▶ [Your task]: Exactly the lines below, starting with the one containing "William Morton démontre" and going on through the one containing "Desodorante natural de piedra de alumbre", must be reproduced, both ends included, and no pictures with them.

▶ [Material provided]:
========
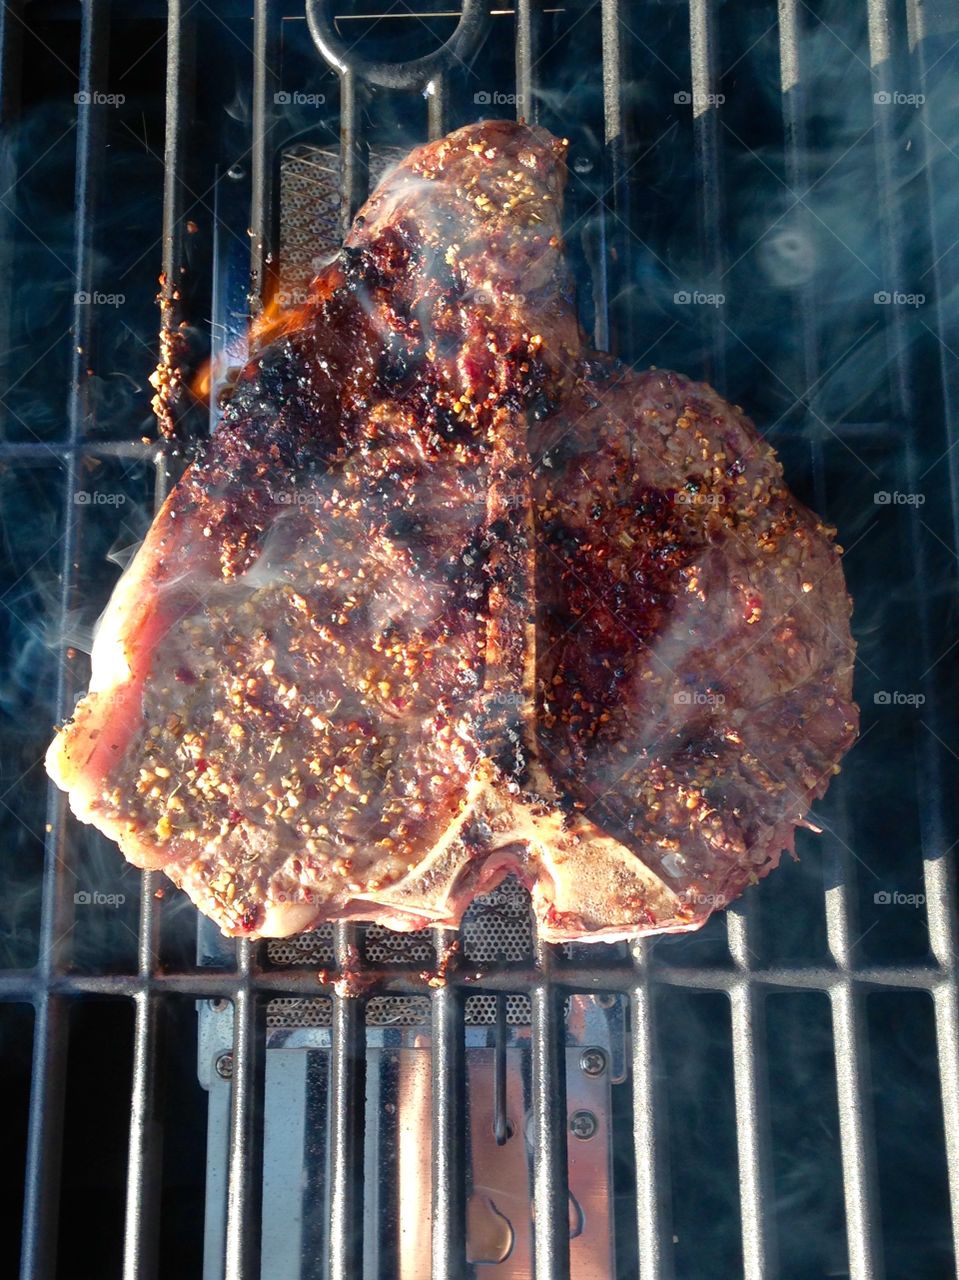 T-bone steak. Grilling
========
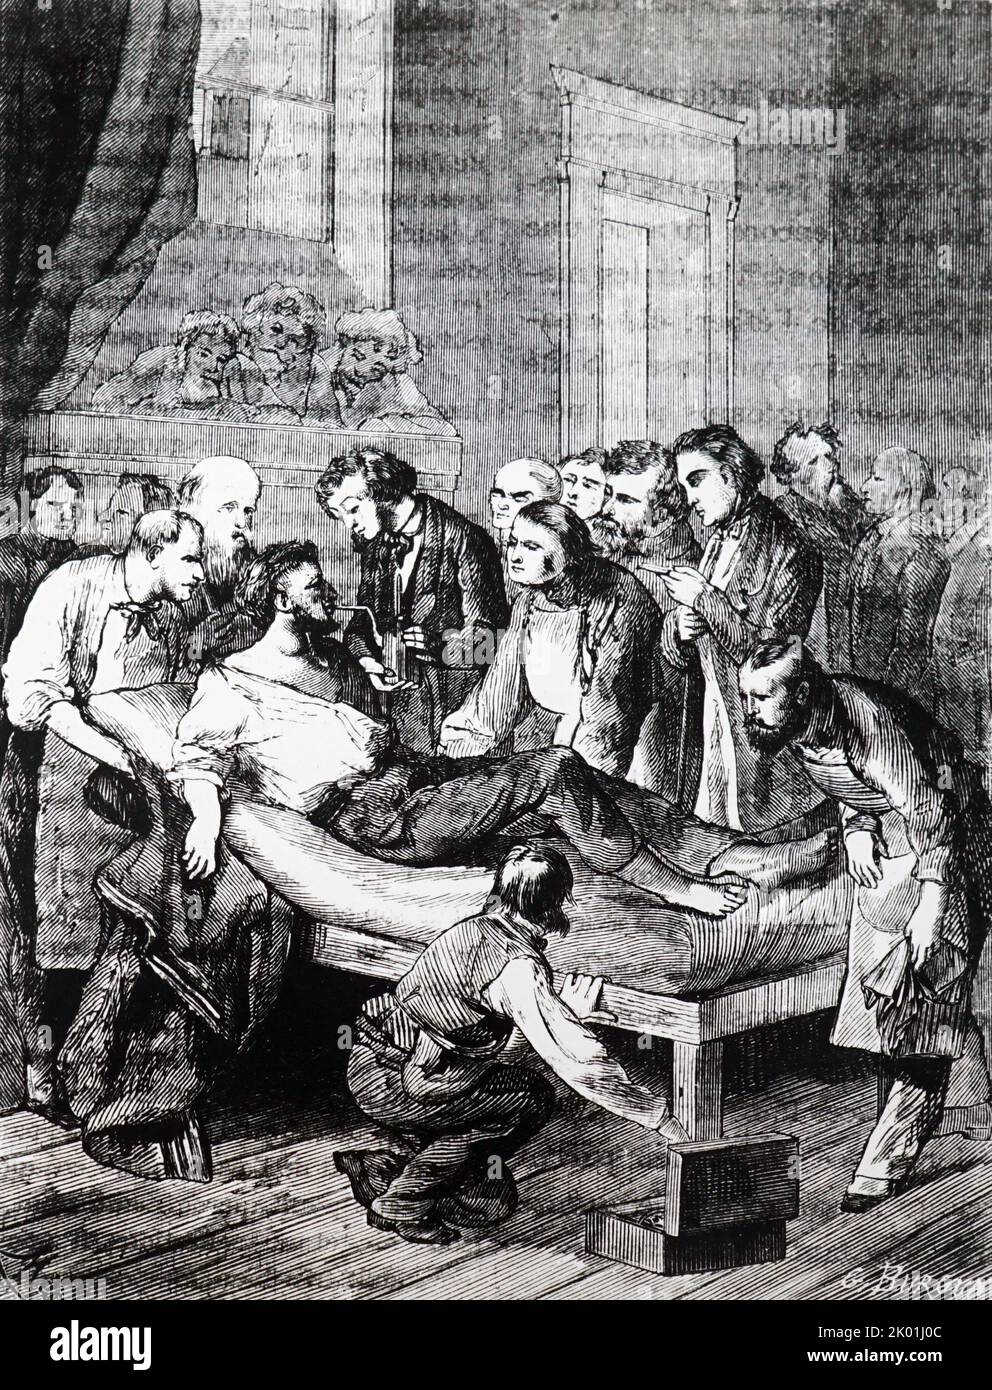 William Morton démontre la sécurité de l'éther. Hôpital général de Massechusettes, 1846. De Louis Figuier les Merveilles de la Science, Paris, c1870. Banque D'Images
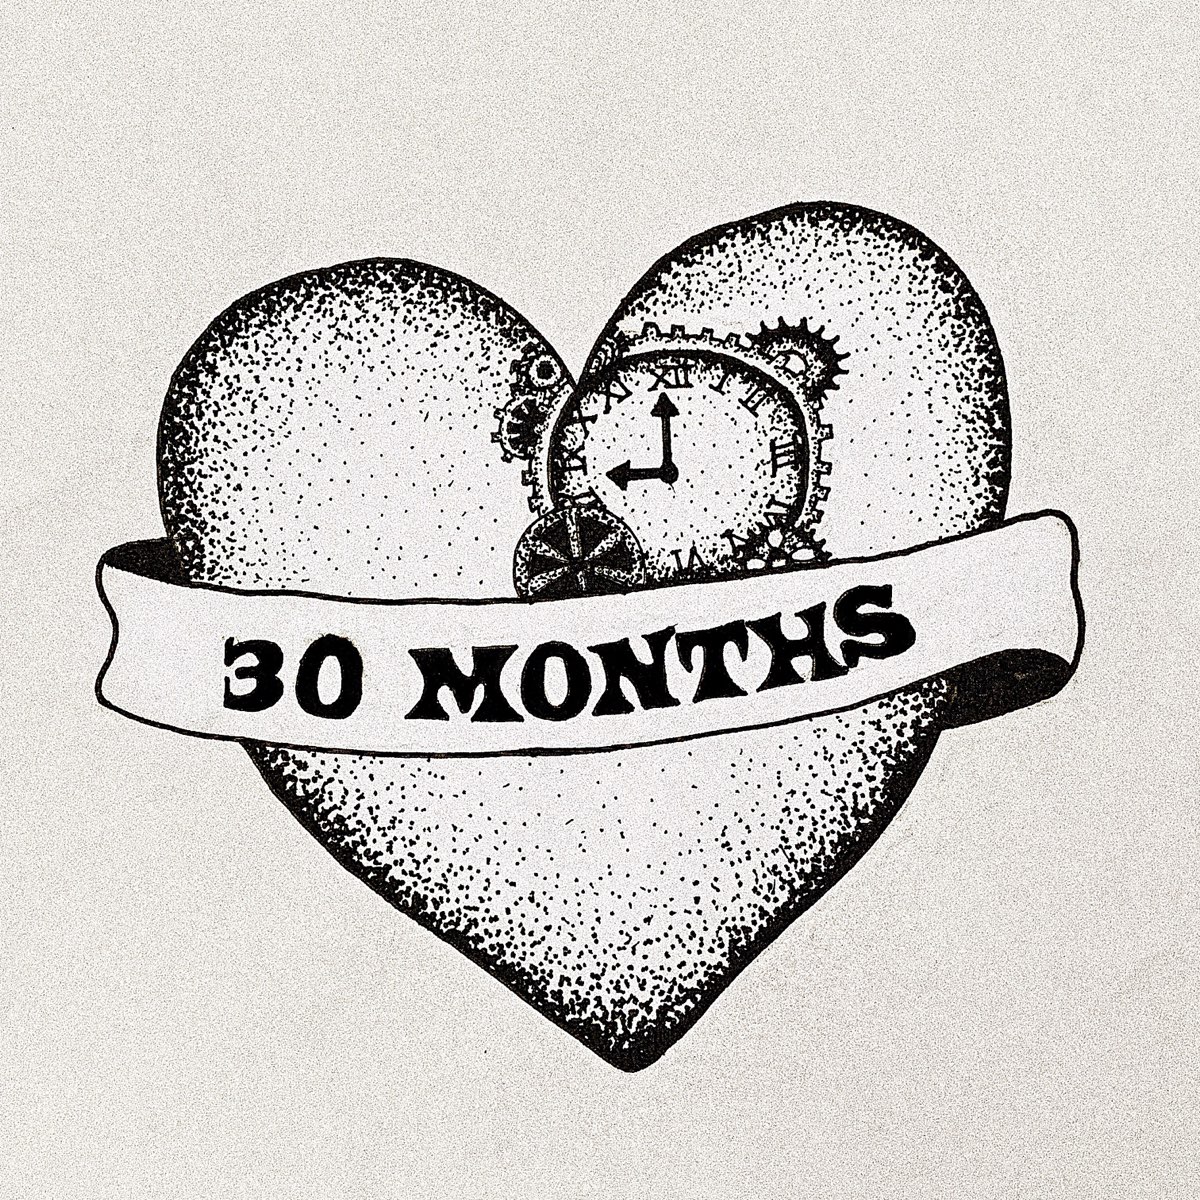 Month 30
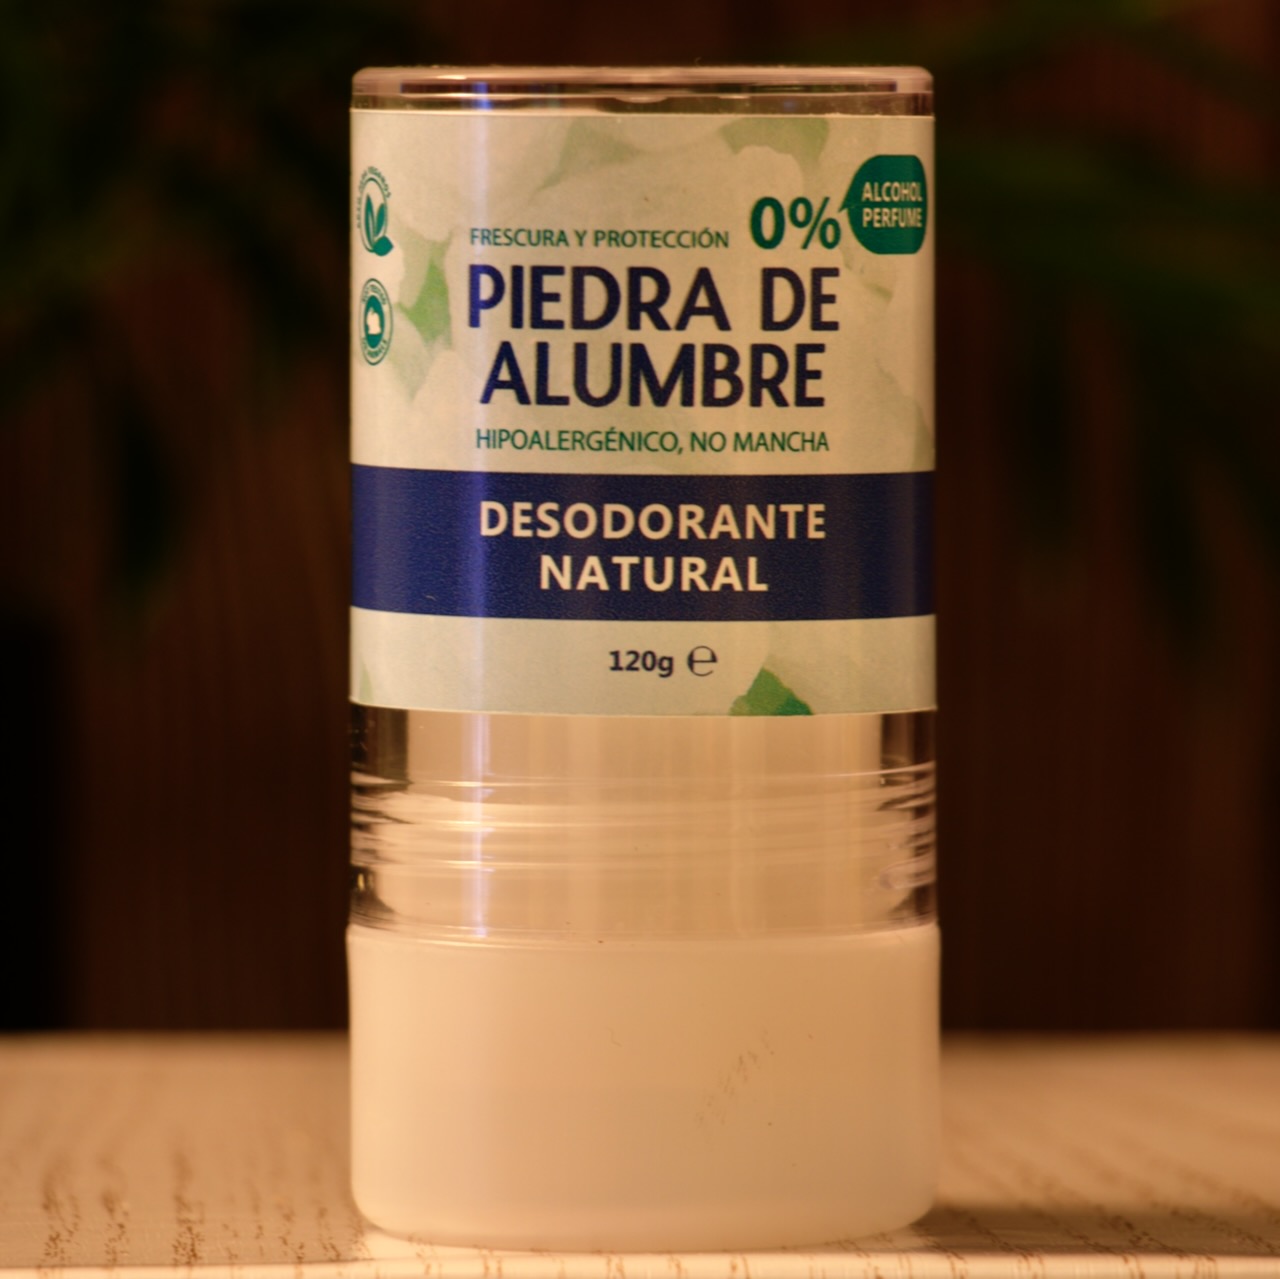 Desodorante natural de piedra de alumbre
========
▶ [Finished exercise]:
 William Morton démontre la sécurité de l'éther. Hôpital général de Massechusettes, 1846. De Louis Figuier les Merveilles de la Science, Paris, c1870. Banque D'Images
 Month 30
 Desodorante natural de piedra de alumbre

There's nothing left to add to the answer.